Two ancient statues depicting gods have been registered as national heritage by the Oddar Meanchey provincial Department of Culture and Fine Arts after they were discovered by a local farmer last month and then handed to specialists on Friday.
Provincial Department of Culture and Fine Arts director Hong Yoeun told The Post on Sunday that one of the statues depicted Vishnu and was 51cm tall and 18cm wide, while the other, 40cm high and 14cm in width, was in a style commonly found on ancient temple walls.
“The two statues of gods were made from sandstone during the Angkor era or in the Koh Ker style of some thousand years ago,” he added.
Yoeun said the statues were in a poor condition. The Vishnu statue, he said, had lost its head. A foot and left hand is broken and the lower part of the right hand is missing. The other statue had been severely eroded due to its old age and repeated contact with hard objects.
“However, we have kept and registered them as a national heritage,” he said.
The two statues were discovered by Orn Svoeun, a 56-year-old farmer from Sopheap village in Banteay Ampil district’s Ampil commune, about a month ago while he was ploughing his land to grow cassava.
Svoeun told The Post on Sunday that he discovered the statues when they emerged from the soil in his tractor’s furrow.
“I picked them up and took the statues to my home and cleaned them up.
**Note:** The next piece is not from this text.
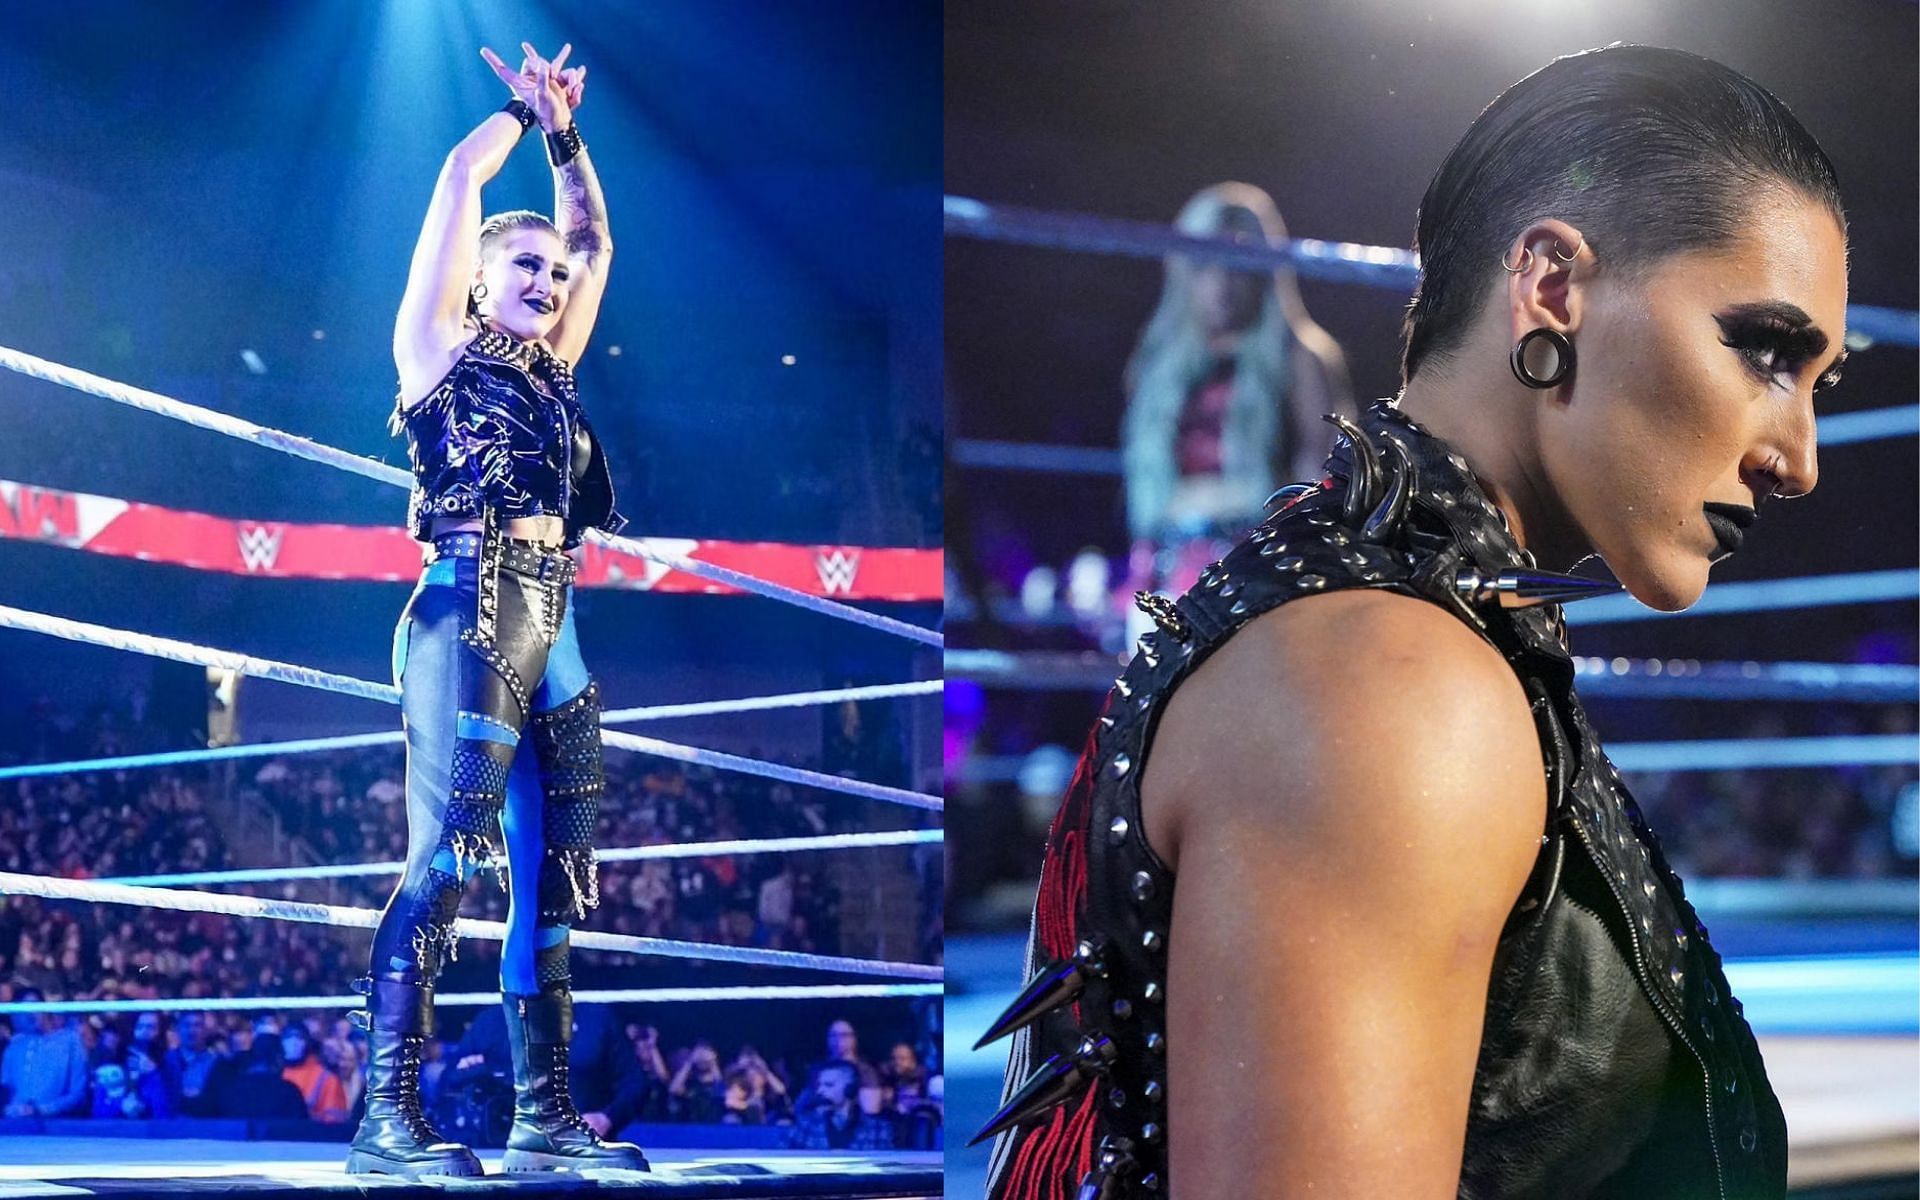 Rhea Ripley is known for her gothic-rocker look citing all-black attire and lipstick

But they were missing heads and parts of their bodies, so I couldn’t keep them to worship at home.
“So at the beginning of the Buddhist religious season, I gave the two statues to the head monk at Kork Ov Lork pagoda for safekeeping,” he said.
Svoeun said on Friday, the pagoda committee and the head of the pagoda relayed the information to the Ampil commune police chief asking experts to intervene and inspect the statues because their style was different from the rest of the pagoda.
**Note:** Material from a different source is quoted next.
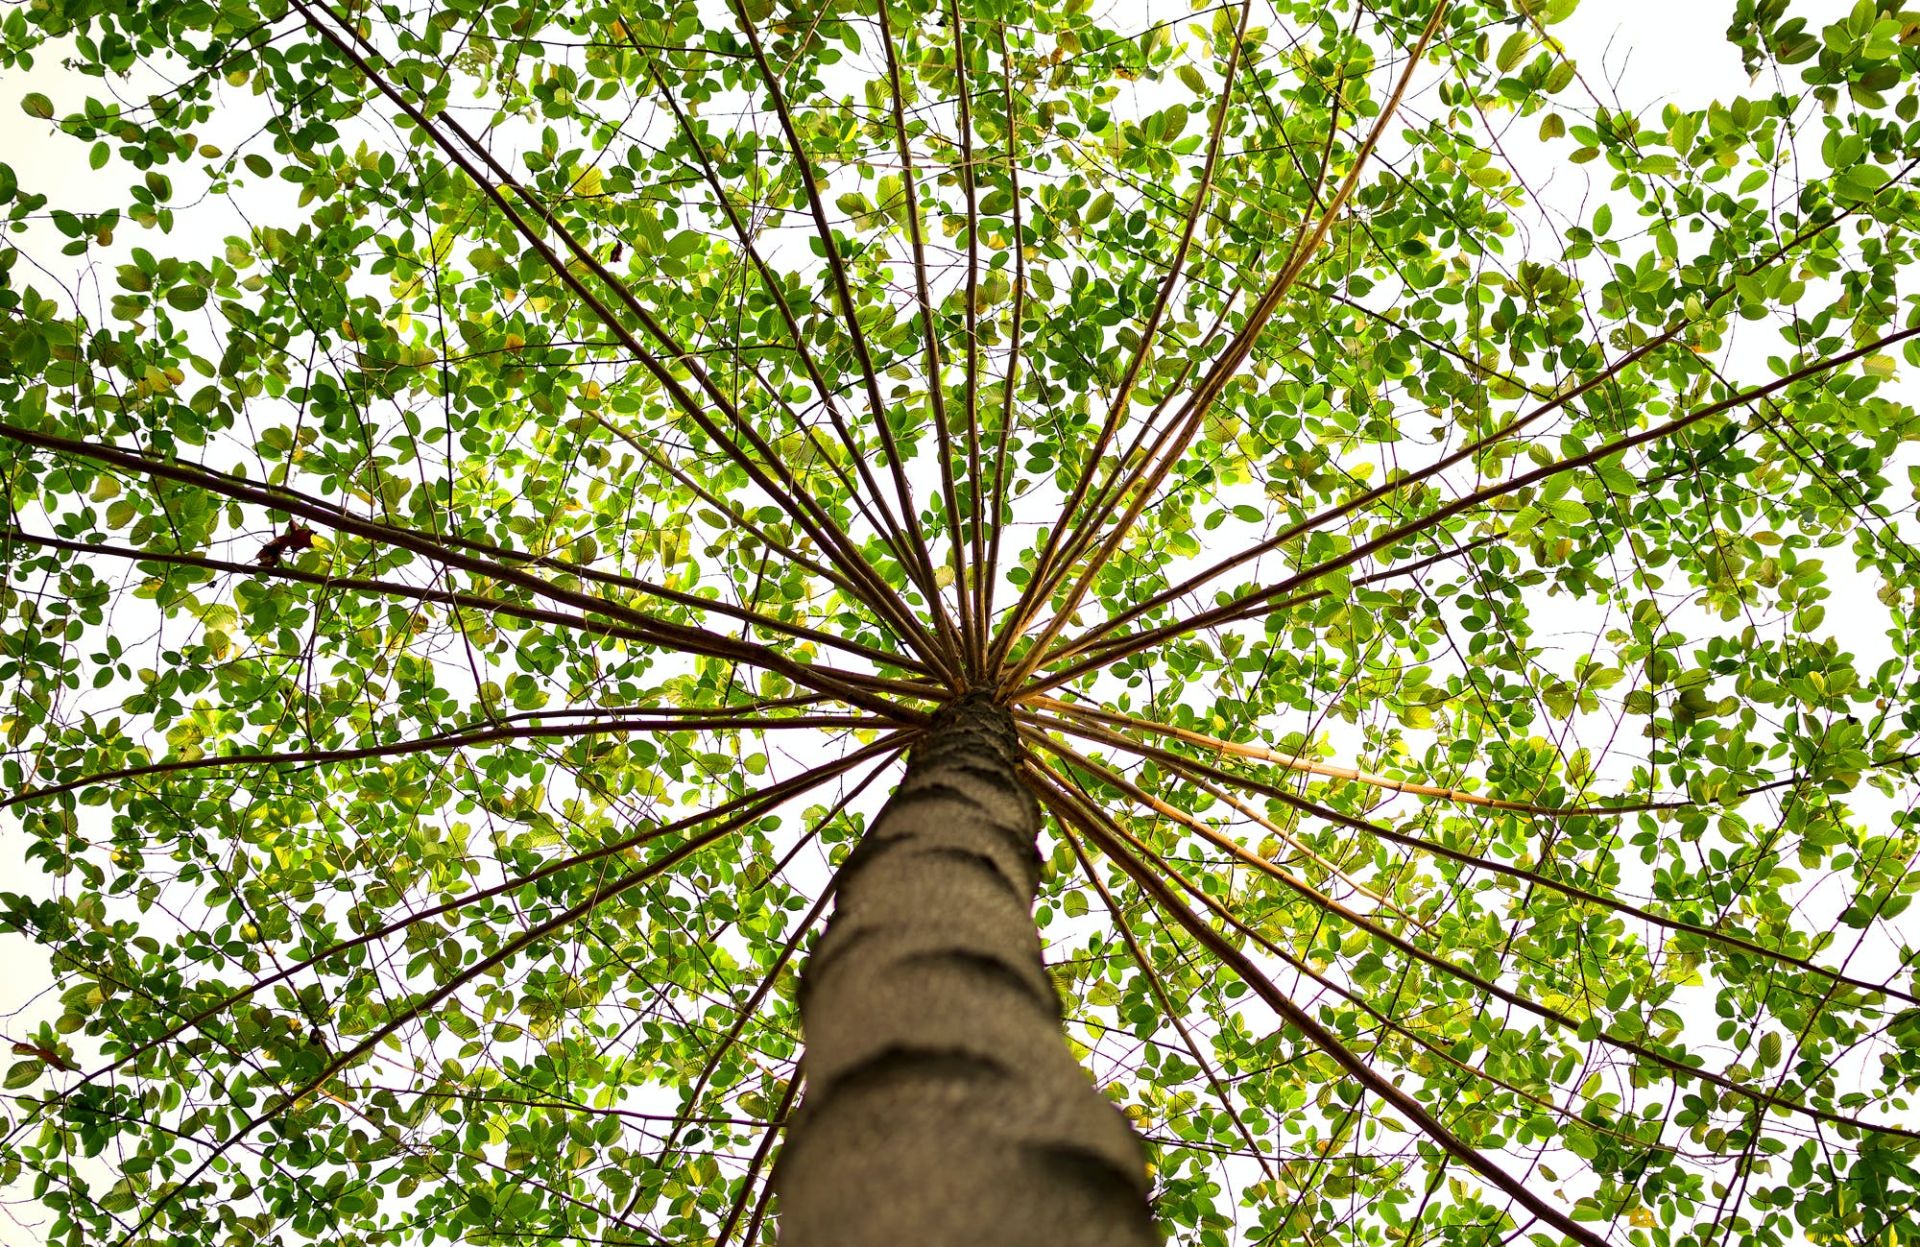 Bottom View of Green Leaved Tree during Daytime

On the same evening, specialists from the Heritage Office of the Oddar Meanchey provincial Department of Culture and Fine Arts came to inspect the statues and said they were from the Angkor era and were over a thousand years old.
“After being told about their background, I, along with the pagoda’s committee and the local authority, decided to give the two statues to specialists for safekeeping and so they could be registered as national heritage,” he said.
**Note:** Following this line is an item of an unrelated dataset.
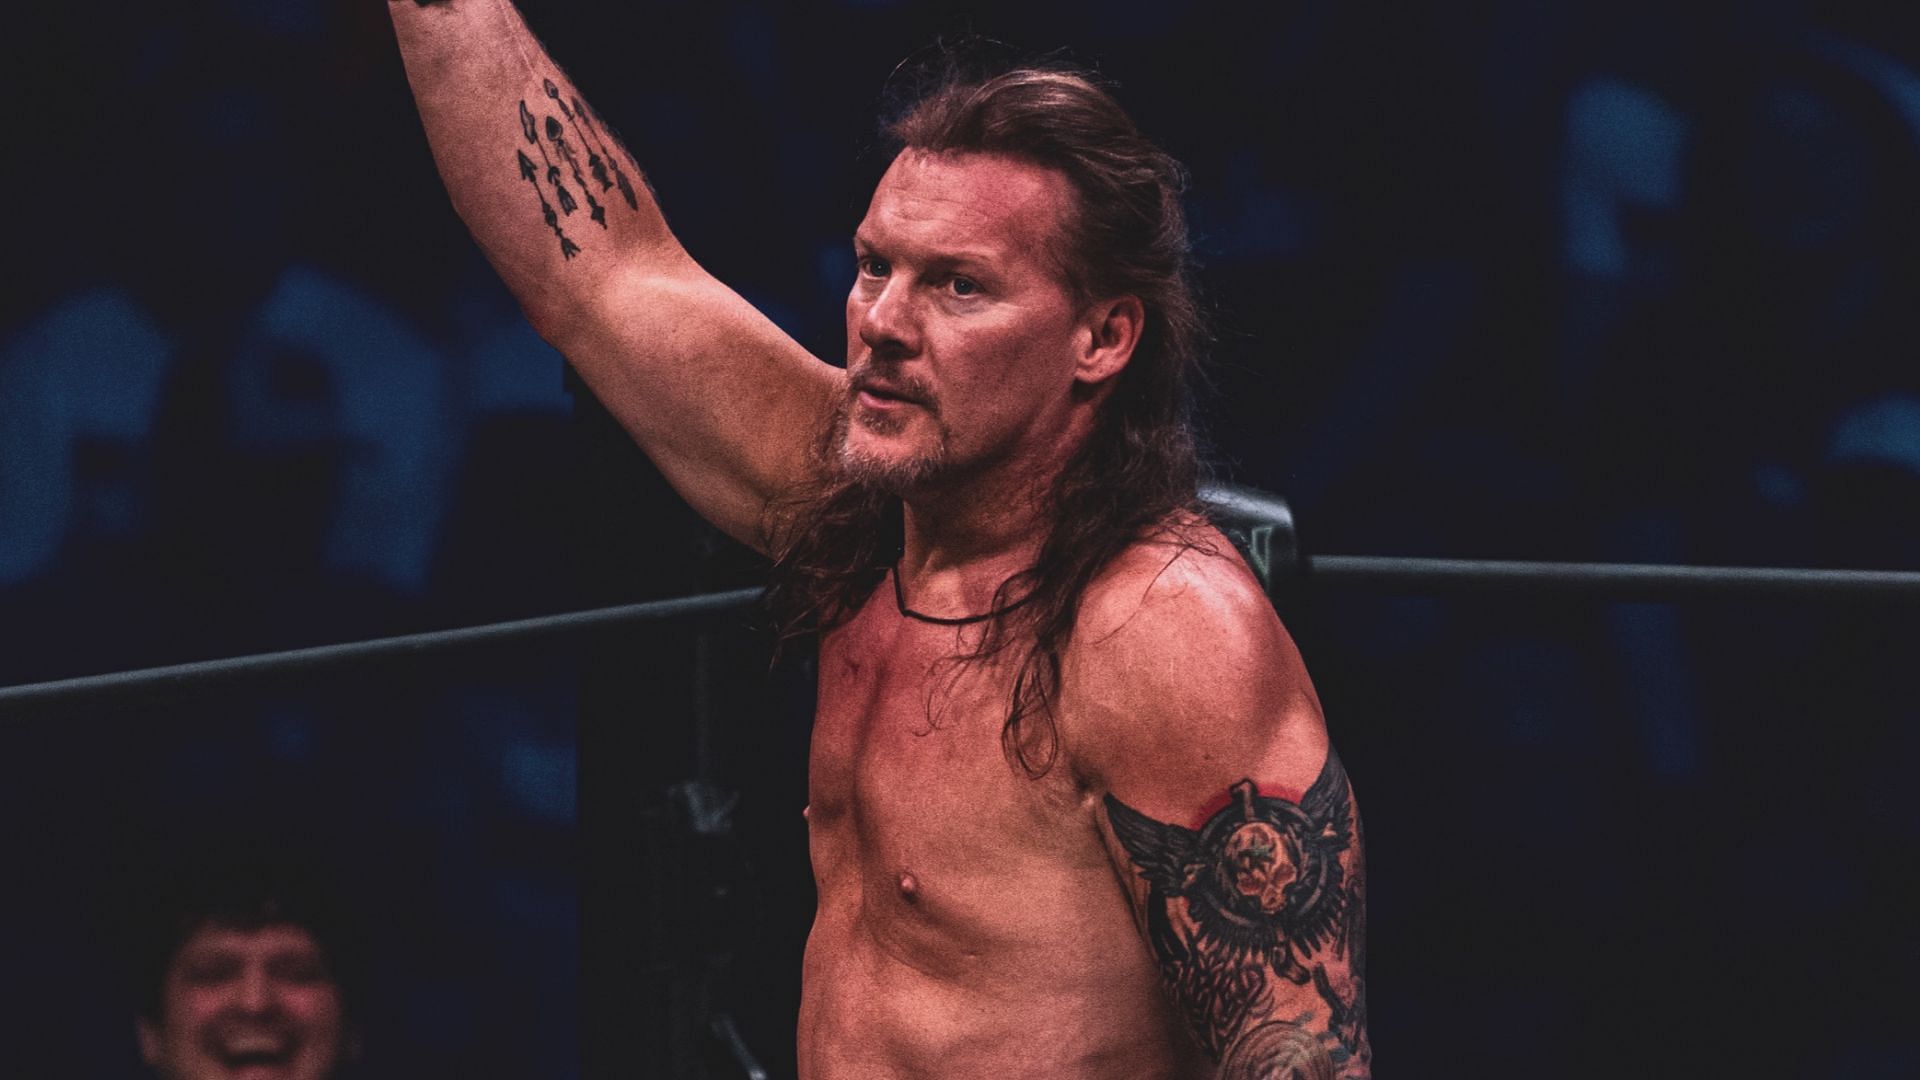 Chris Jericho at AEW Revolution 2022 (Credit: Jay Lee Photography)

Ampil commune deputy police chief Phat Chheb said after a religious ceremony to accept and hand over the two statues, the specialists gave a reward of 30,000 riel ($7.50) to each member of the pagoda committee and 50,000 riel to Svoeun.
Chheb said the specialists searched the field where the statues had been discovered for any missing parts but nothing was found.
He said in the past, many ancient hills, tombs and temples in Oddar Meanchey province had been unearthed to look for relics and valuable items – such as ancient pearls and jars decorated
with gemstones and other precious stones.
The illegal excavation was promoted by Thai smugglers who traded in ancient relics, Chheb said.